The site’s popular symptom checker, which allows users to insert basic information about their age, sex, and symptoms, is a hypochondriac’s worst nightmare. A search for bloating in the lower abdomen suggested one could have anything from menstrual cramps to ovarian or colon cancers. A query on back pain spit out this terrifying list of potential possibilities: gas pains, shingles, ovarian cancer, acute kidney failure, and tick bites. No context — just a list of scary diagnoses.

Versions, Kill Screen’s new virtual reality spin-off site, looked at Harmonix Music VR, a virtual reality visualizer made by the makers of the video game series Rock Band.

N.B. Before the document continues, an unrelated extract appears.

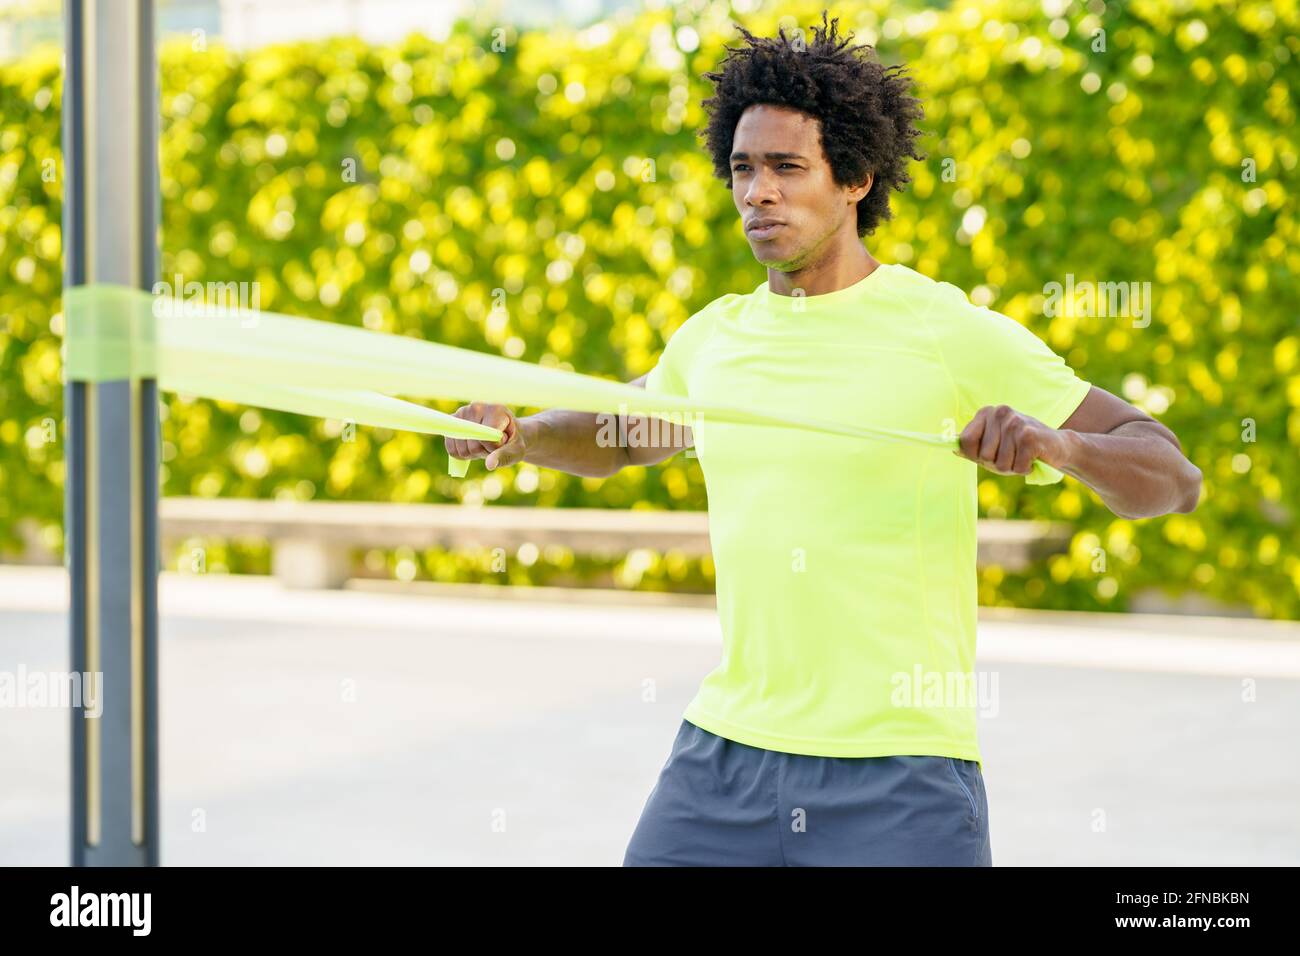 Hombre negro haciendo ejercicio con banda elástica al aire libre Foto de stock

If you make the admittedly enormous leap, though, that VR will create within the user a sense of “presence,” Music VR’s possibilities are the techno-utopian hippie ideals realized. I’ve had glorious experiences listening to music with enormous crowds of people on handfuls of questionable drugs, and, while I would not recommend that exact process to anyone, Music VR promises a means of democratizing it.

The Atlantic‘s David Sims considers how binge-watching has led to a wave of “prestige dramas,” such as Hulu’s new cult-centric show The Path, which take a full season to do what truly great shows do in an episode or two.

There’s a strange loyalty demanded by a show like BoJack [Horseman] (which is outright bad for its first few episodes before gathering steam) or The Path. Sure, nothing much happens for the first six or seven hours, but the viewer has to be trusting enough to know that their patience will be rewarded. “Netflix’s chief content officer, Ted Sarandos, has said he considers the first season of a series, not the first episode, to be the ‘pilot,’” Poniewozik noted. It’s an insidiously clever approach: You need a whole season to decide whether or not you like a show, and by the time you’ve watched all that, you’re in too deep to turn back.